I prowled farther along the coastline, inhaling deeply. Lance and Torrent followed at a respectful distance, Torrent slipping into the shadows to travel more easily where his ruined legs wouldn’t hold him back. My companions let me slip back into my zone of concentration.

That was better. I couldn’t have explained the smell I was tracking anyway.

After several minutes of walking and pausing to lean closer to various spots on the ground, a sharper tendril of the odor reached my nose. I jerked around and spotted a scattering of bones in a notch between two of the rocks. As I bent to examine them, the scent grew even thicker, solidifying my certainty.

A jolt of memory passed through me—snatching a silvery body out of the water, digging my gargoyle teeth into its juicy flesh. A fish. It was a particular type of fish I’d found especially delicious and also enjoyable to catch.

Spinning, I caught a brief glimpse of a silvery body flashing amid the strands of seaweed farther from the shore. I’d only discovered them because I needed to do my hunting so far from human sight. They seemed to be particularly shy of people—I’d never noticed them when I’d lurked in mortal-made harbors.

But they were definitely an ocean fish. Why had I smelled them up in the mountains of Utah?

One of the shadowkind staying there must have brought them—for a snack or some other purpose? It would have had to be for one of the leaders, wouldn’t it? I couldn’t imagine them giving leave for their underlings—the ones supporting them of their free will and the ones they’d ensorcelled into helping them—to wander off to the ocean just to hunt down a particular delicacy to consume on their own.

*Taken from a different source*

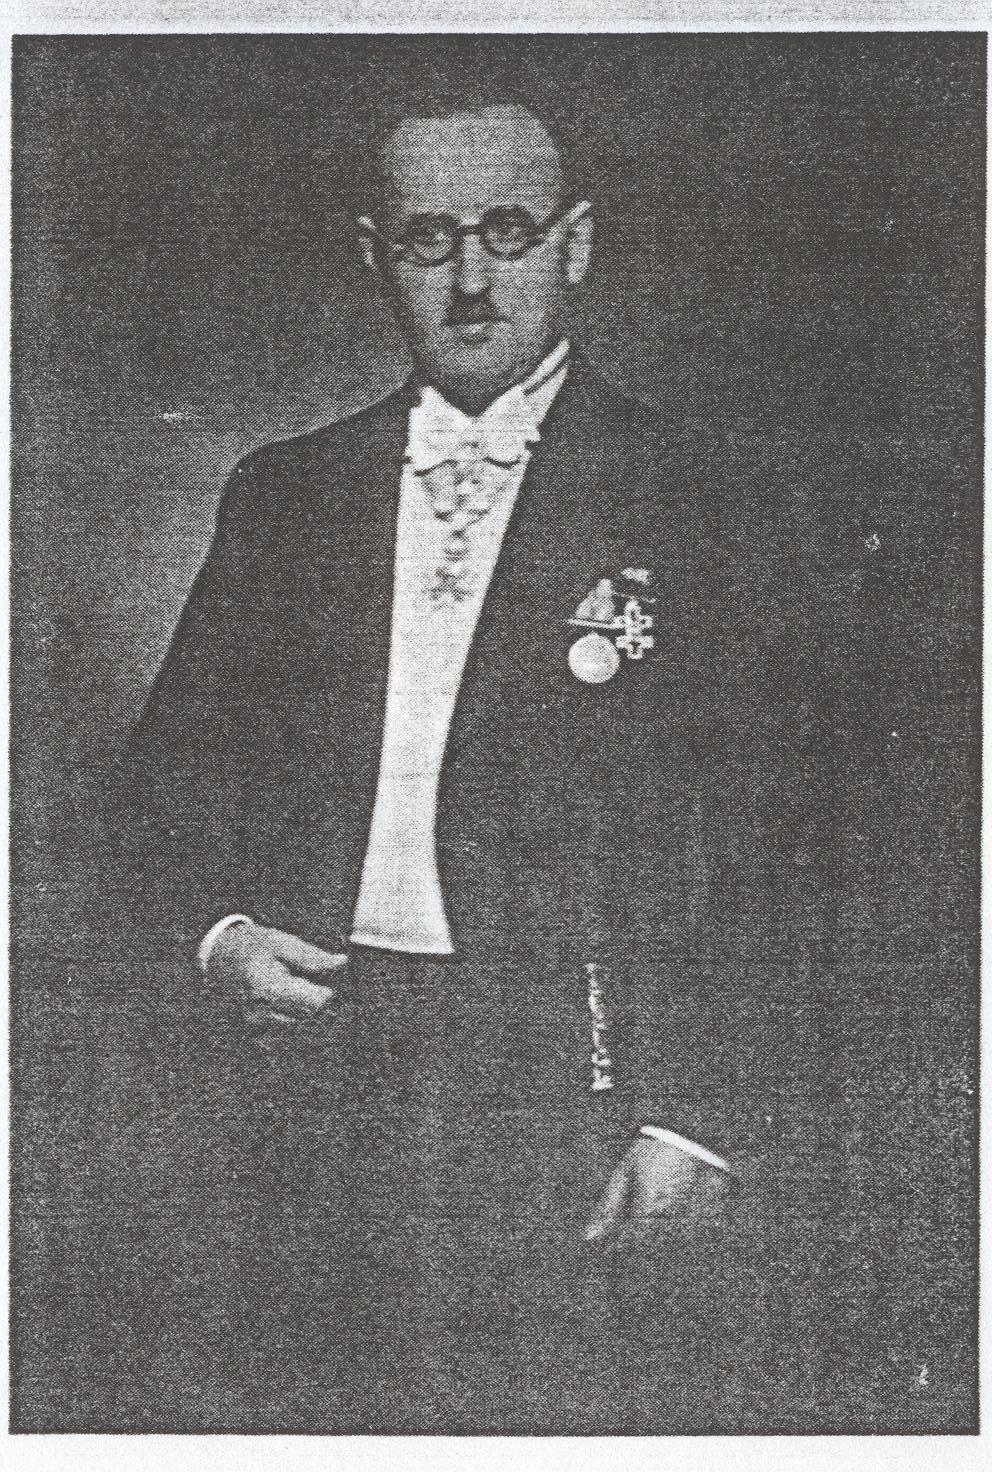 1. Dr. K. Gudaitis

Why hadn’t the boss gone down to the ocean himself and simply had his meals there? Had it been difficult for him to make the trip? Had he enjoyed ordering his minions to do his bidding?

None of this made any particular sense to me. But I knew that this ocean was the same ocean as on the western side of the United States, the one by the beach of Rollick’s hotel. It wouldn’t have been too long an expedition from the mountain camp to reach the right waters if this sort of fish lived on both sides of the sea.

“One of the fiends from the camp was bringing fish from the ocean up to the lake,” I said to my companions. “They couldn’t have stayed alive there. I assume they were to eat. I don’t know if the being that requested them needs them or not… but maybe we can assume it wouldn’t go too far inland, if it prefers that meal so much?”

Torrent reappeared, picking up one of the bones I’d seen. “We have another piece of data to work with, anyway,” he said. “Can you catch one of those fish for me now? Without killing it, if you can, since there’s no need. I’d like to see exactly what it is so I’ll recognize it in the future in living form as well as post-meal.”

My renewed sense of purpose wrapped around me, lifting my spirits. Just for that moment, I could believe that I might deserve the chance to earn back Quinn’s trust after all. I was defending her in my own way, with every possible effort I could put toward keeping her safe, no matter how far from her I was.

“Give me a minute,” I told Torrent, and launched myself over the ocean with a flap of my wings.